Monday, Jul. 14, 1958

Smoking & Cancer (Contd.)

The Seventh International Cancer Congress in London this week heard the sobering results of a sweeping study of the effects of smoking on the death rate from cancer and other diseases. Author of the report: Statistician Harold F. Dorn of the U.S. National Institutes of Health. Dorn's project was begun in 1954 as a check on the disturbing findings from the American Cancer Society's famed Hammond & Horn survey of 188,000 U.S. males. Researcher Dorn threw his statistical net even wider: it covered 198,000 men (and a sprinkling of women) holding Government life insurance as a result of military service between 1917 and 1940.

All these cases were followed through the mountainous files of the Veterans Administration. The Dorn-VA technique: whenever a claim was filed to collect insurance, investigators double-checked both the primary cause of death and other contributory diseases with the physician who signed the death certificate, and (if possible) with the results of post-mortem examinations. Where the Hammond-Horn study had been attacked by the tobacco industry as statistically unsound because of the investigators' bias, the Dorn-VA investigation could not be assailed on the same ground, although even before formal publication it was criticized by industry spokesmen ("It cannot possibly establish the cause or causes of any diseases"). The findings, startlingly similar to those of the American Cancer Society:

P: Men who smoke two packs of cigarettes or more a day have the biggest death rate in the age groups covered (30-to-80, but largely concentrated on 50-to-70). The rate: twice that for nonsmokers.

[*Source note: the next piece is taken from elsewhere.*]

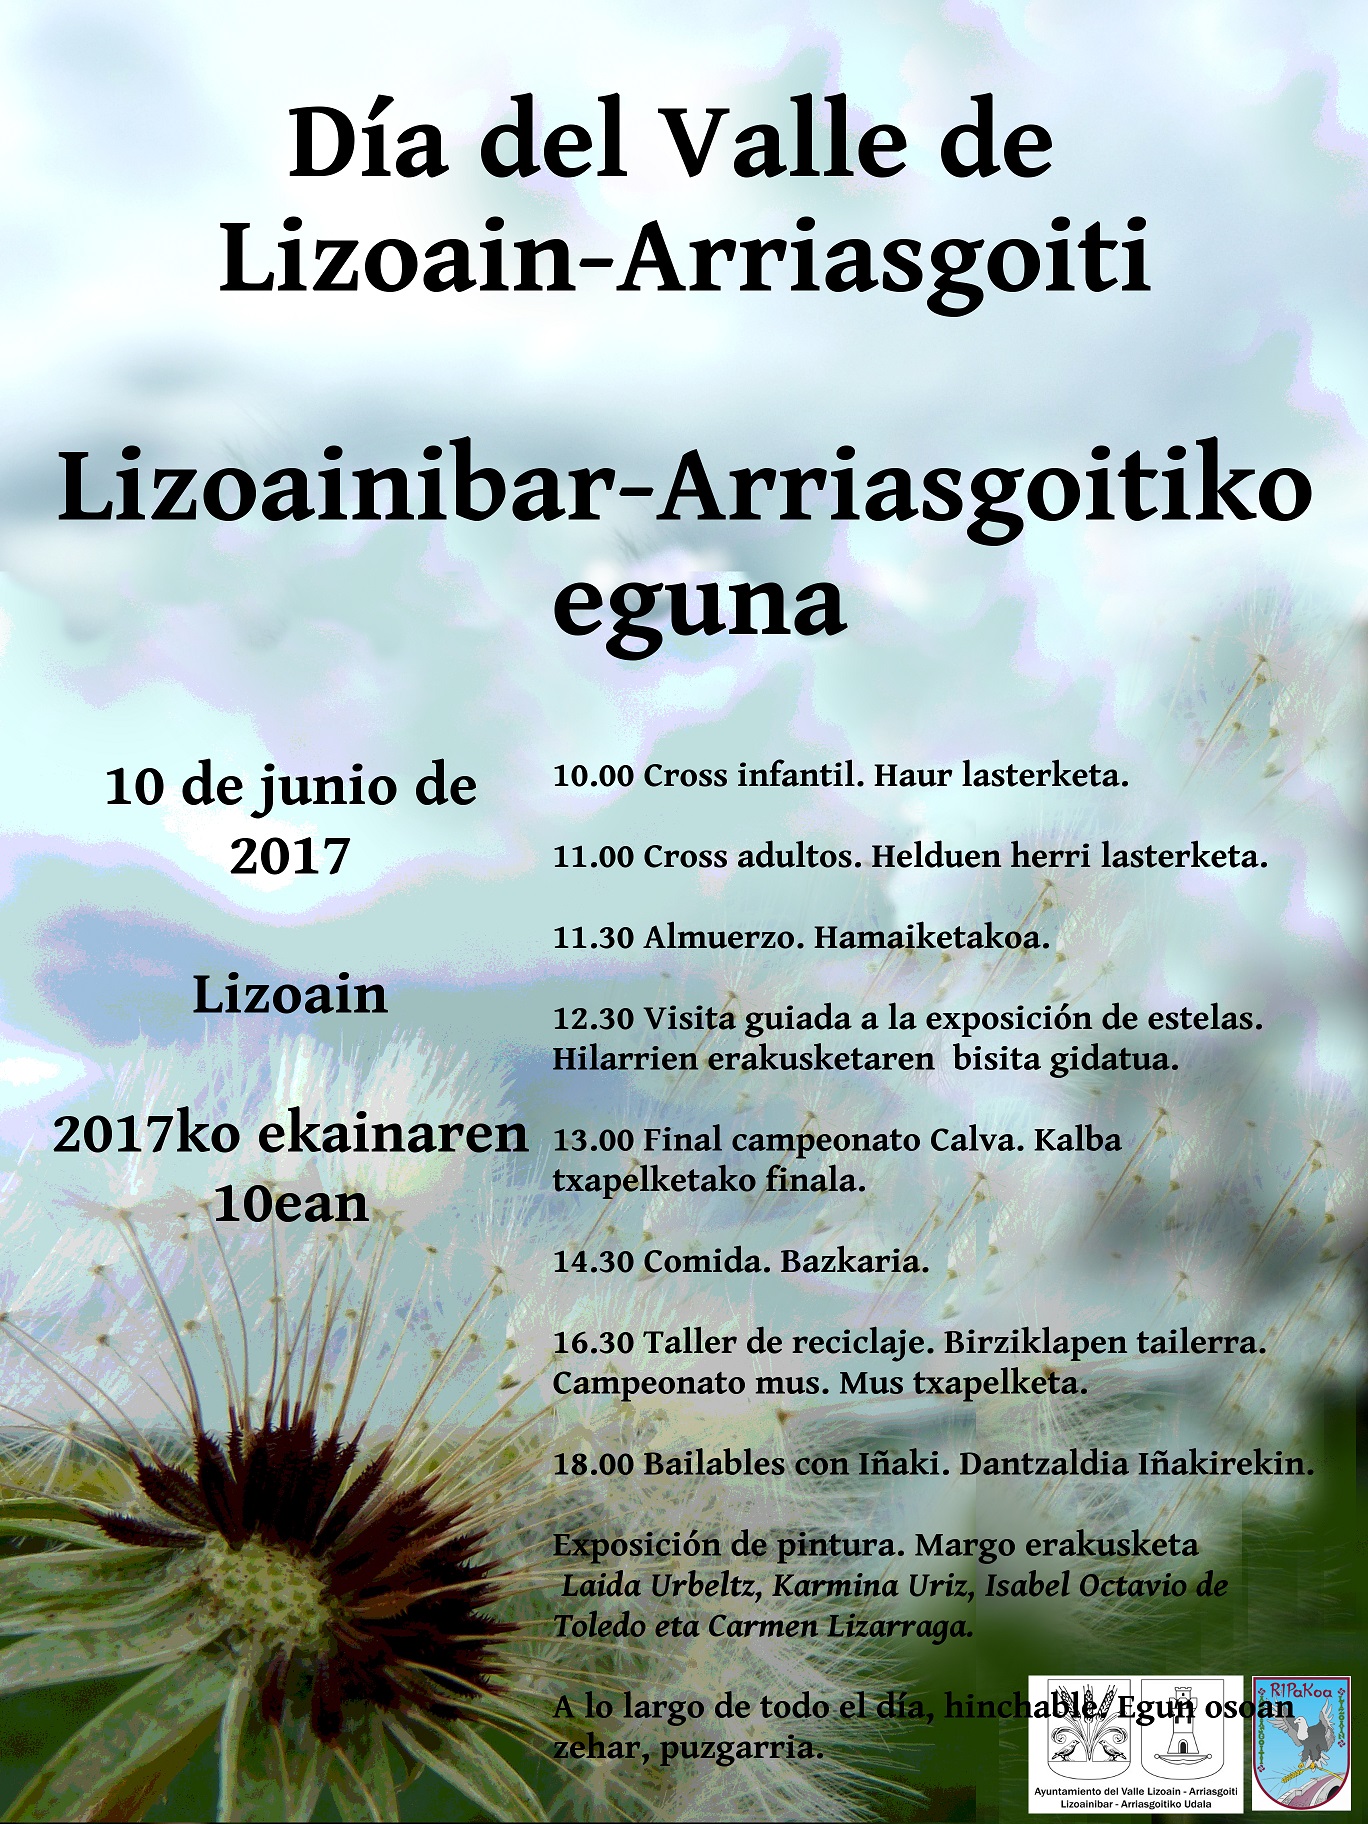 Lizoainibar-Arriasgoitiko eguna/Día del Valle de Lizoain-Arriasgoiti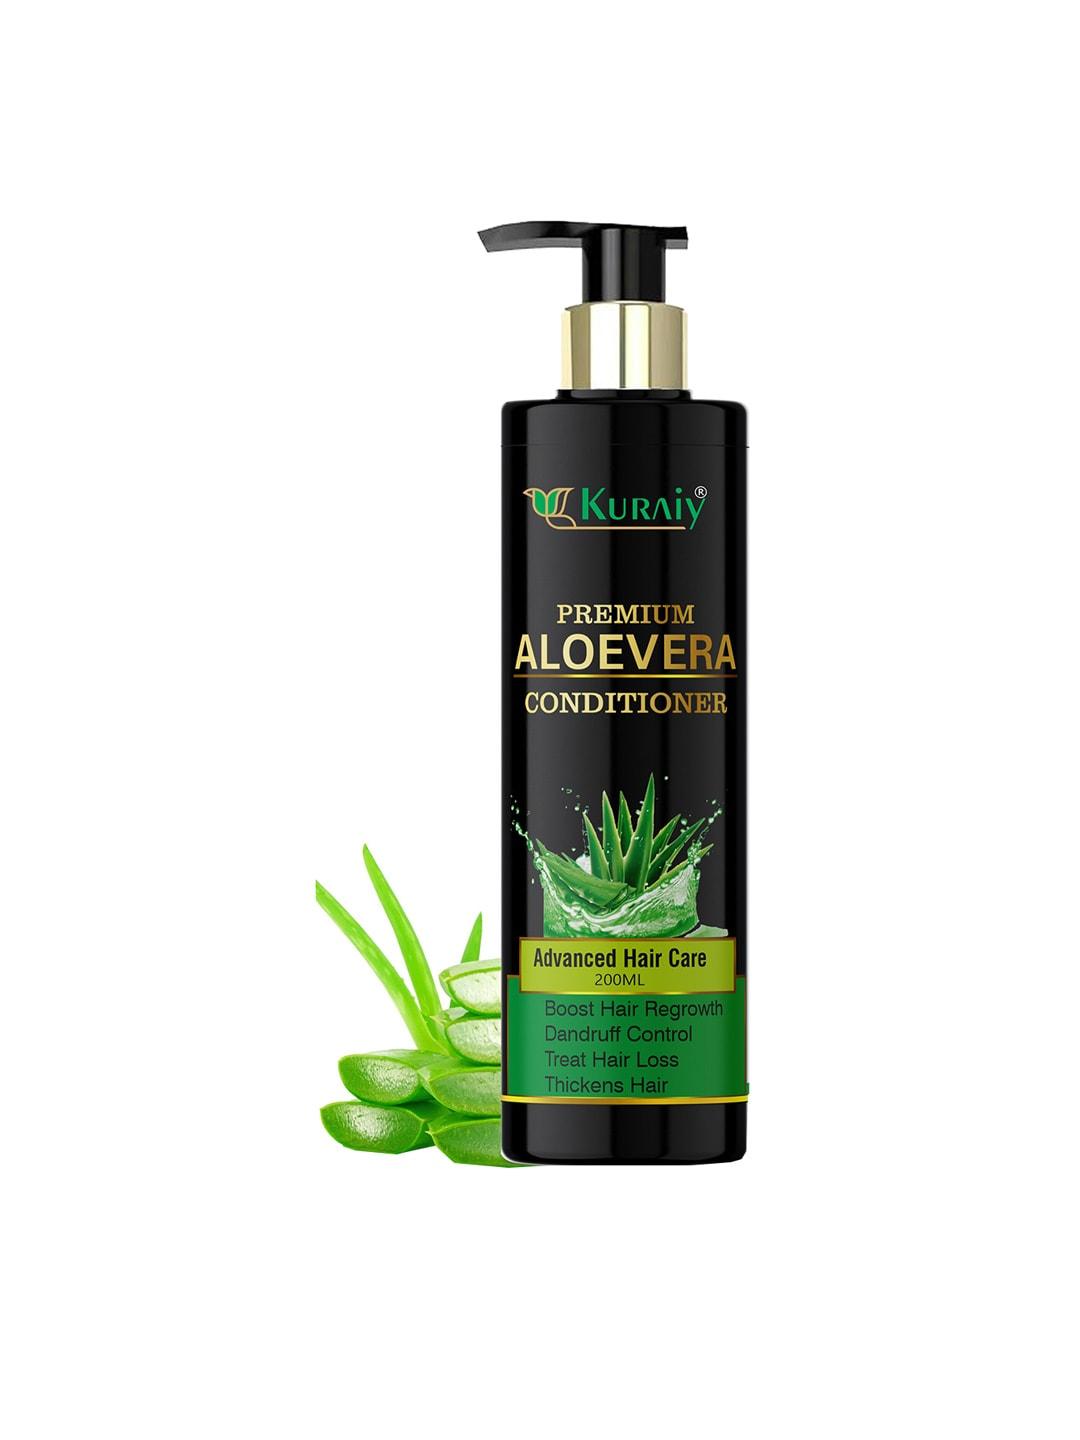 KURAIY Natural Aloevera Conditioner for Advanced Hair Care & Dandruff Control - 200ml

P: Those who smoke cigars or pipes as well as cigarettes have a lower death rate in proportion to the smaller number of cigarettes smoked.

P: Cigars or pipes alone cause only a negligible increase in the death rate.

P: Cigarette smokers improve their chances of living longer if they quit smoking. Those who stopped "prior to the start of the survey" have a death rate 1.4 times that of nonsmokers, whereas for all cigarette smokers (any amount) the rate is 1.66 times that of nonsmokers.

P: In absolute numbers, the increase in early deaths among heavy cigarette smokers is mainly from heart and artery disease. But the cause of death that shows by far the greatest proportionate jump is lung cancer: it is six times as common among all smokers as among nonsmokers, 9.35 times as common among cigarette smokers.

Britain's Dr. Percy Stocks took up the question of lung cancer and air pollution, reporting on a study of more than 2,000 men who died of lung cancer in smoggy Merseyside areas (centered at Liverpool) and clear-aired North Wales. Among nonsmokers the hazard of smoggy air was clear: 2.3 times as much lung cancer in smoke-palled belts as in cleaner areas. But to the identity of the cancer-causing substance in polluted air, Dr. Stocks had no clue. In smoggy areas, the death rates were almost identical for light smokers (less than a pack a day) and nonsmokers. But among men who smoked more than a pack a day, the death rate rose, paradoxically, far faster in rural, smog-free areas. Explanation? Dr. Stocks had none.